A lot of that attention went to Tron because 1) he oozed personality and 2) his appearance. Many people pegged him as a white rapper—partially due to the fact that he had the same haircut as Amanda Bynes in She’s the Man—but he’s actually biracial, with a Black dad and a white mom. Tron acknowledges that he got a boost from that phenomenon where white rap fans get googly eyes over any white rapper with the slightest bit of talent. “To some people the appeal is just this Drake Bell-looking dude rapping decently,” he says, name checking the former Nickelodeon star.

But Tron wasn’t just good for a “white rapper,” he was really rapping his ass off. On his best mixtapes, 2019’s Bin Reaper and this summer’s Luka Troncic, he delivers verses with clever punchlines that include extremely specific and nostalgic pop culture references, short vignettes that detail internet scams, flows that make it sound like he’s either just been shot out of a cannon or is bored in the back of a classroom, a sharp ear for funky beats, and a dire commitment to the Detroit rap style.

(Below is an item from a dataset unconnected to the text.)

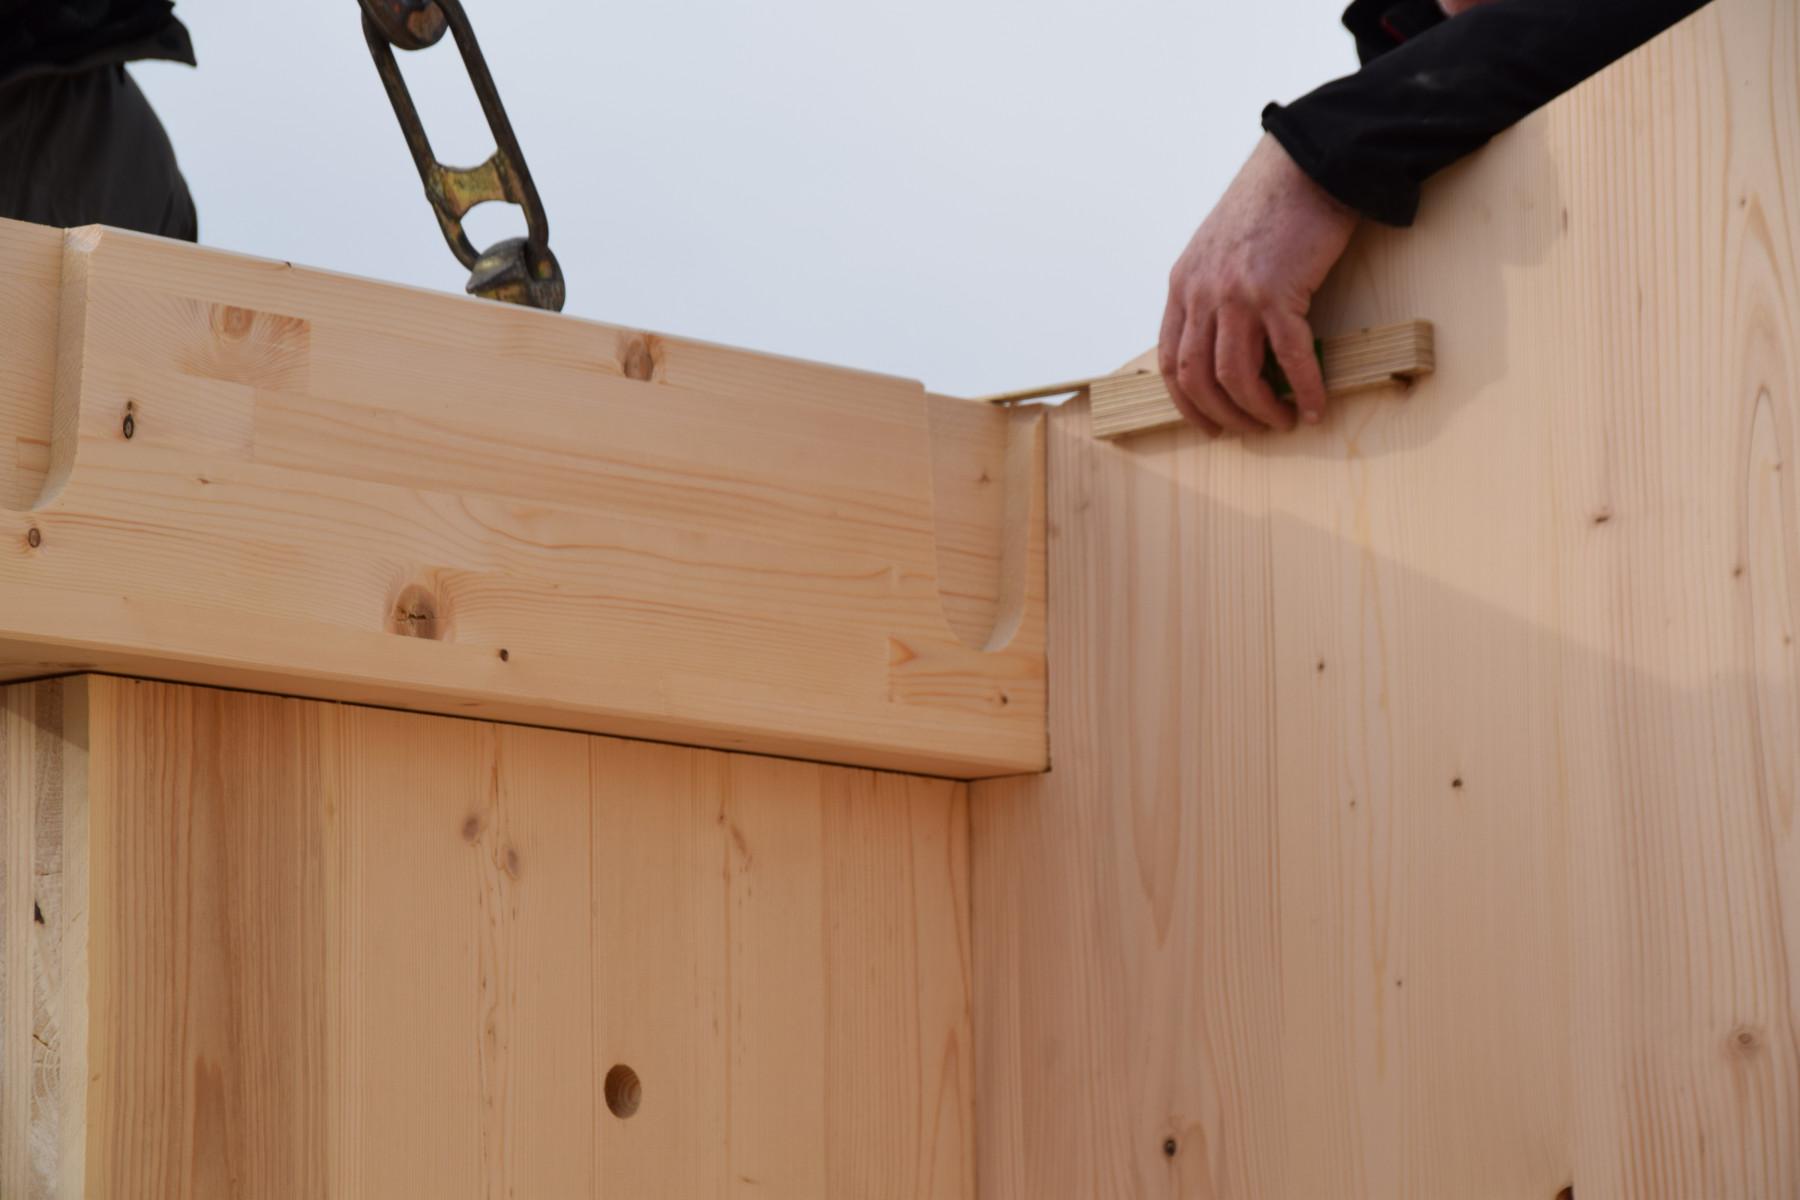 DSC_0727Strasser Holzbau Riedering.jpg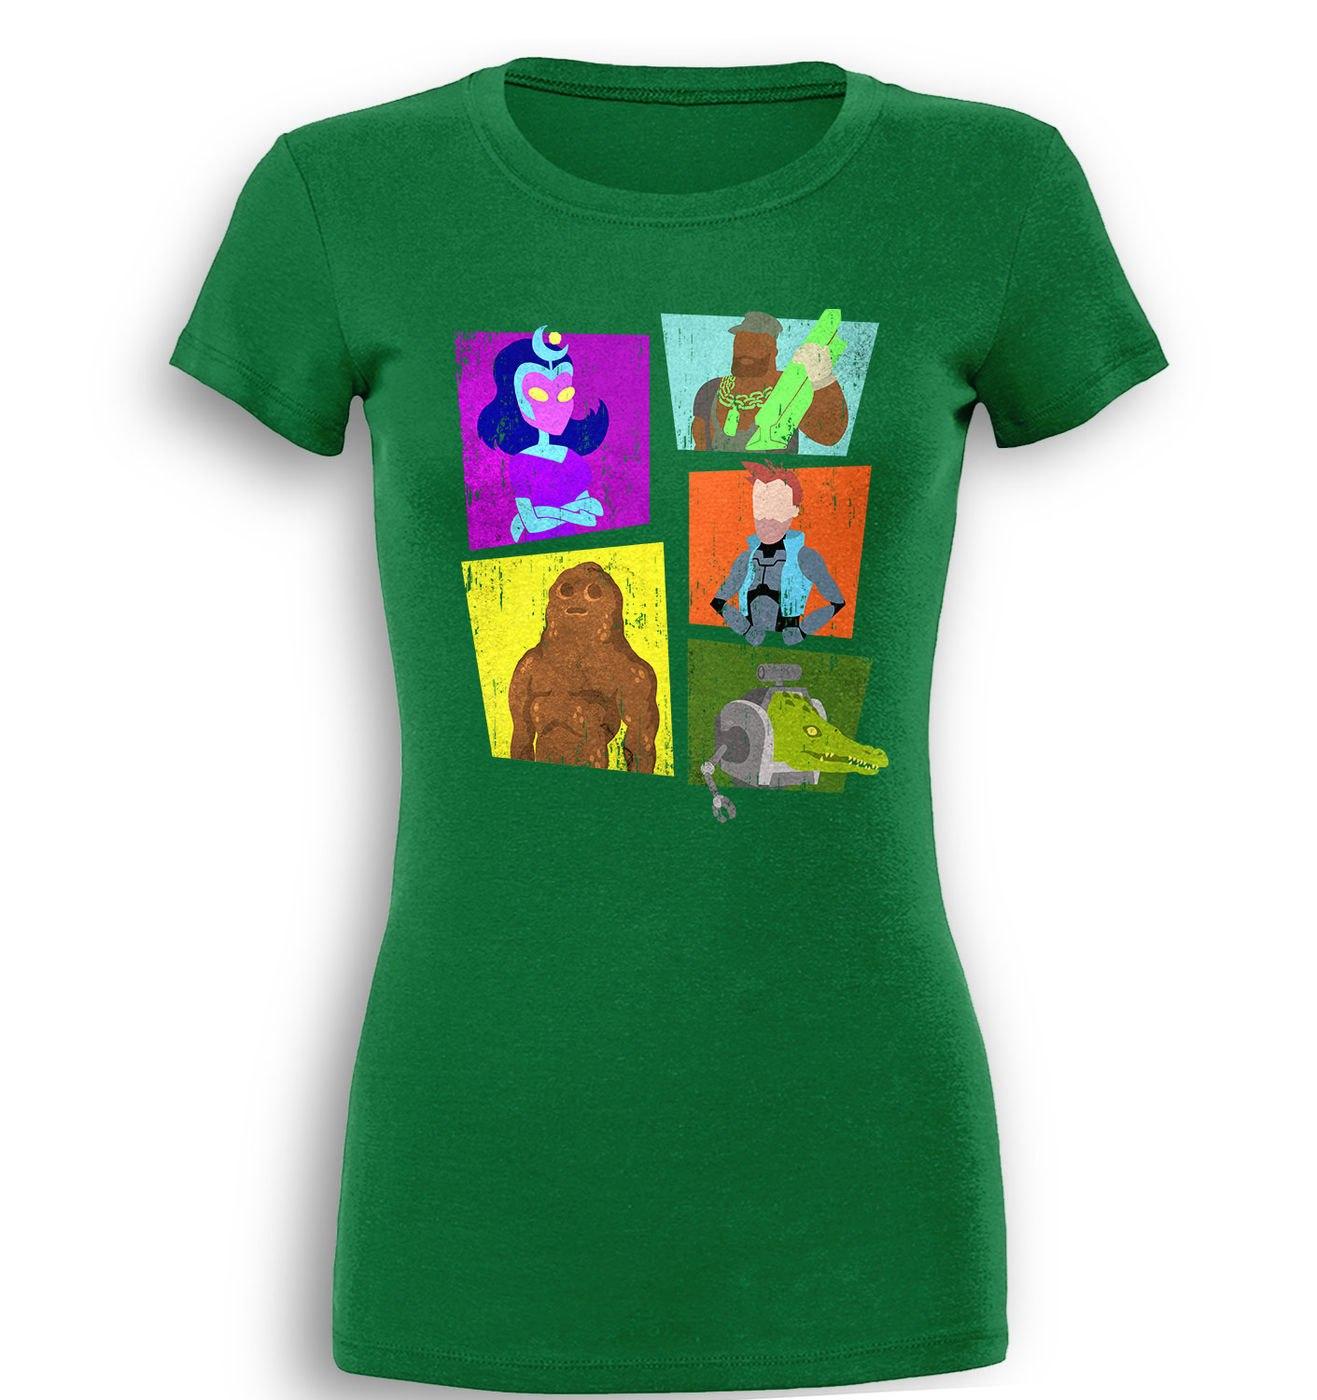 Vindicators 3 premium women's t-shirt by Something Geeky

Yet despite his clear abilities, Tron has spent the last two years straddling the line between rapper and meme. This can sometimes put him in an odd position. Insane Clown Posse’s Violent J, who was once friends with Tron’s dad, recently posted a picture of him and Tron with the caption “This kid grew up hangin at my house!” But Tron wasn’t sure if he should share it or not. (For the record, Tron faintly remembers watching Wrestlemania at Violent J’s crib one time but that’s about it.) As funny as the memes and jokes can be, Tron knows that he’s always at risk of them taking on a life of their own. So far he has been able to center the attention on his music through standout verses like his appearance on Lil Yachty’s Michigan Boy Boat along with a relentless approach where he uploads a music video—usually shot in a parking lot, open field, or convenience store—to YouTube almost weekly.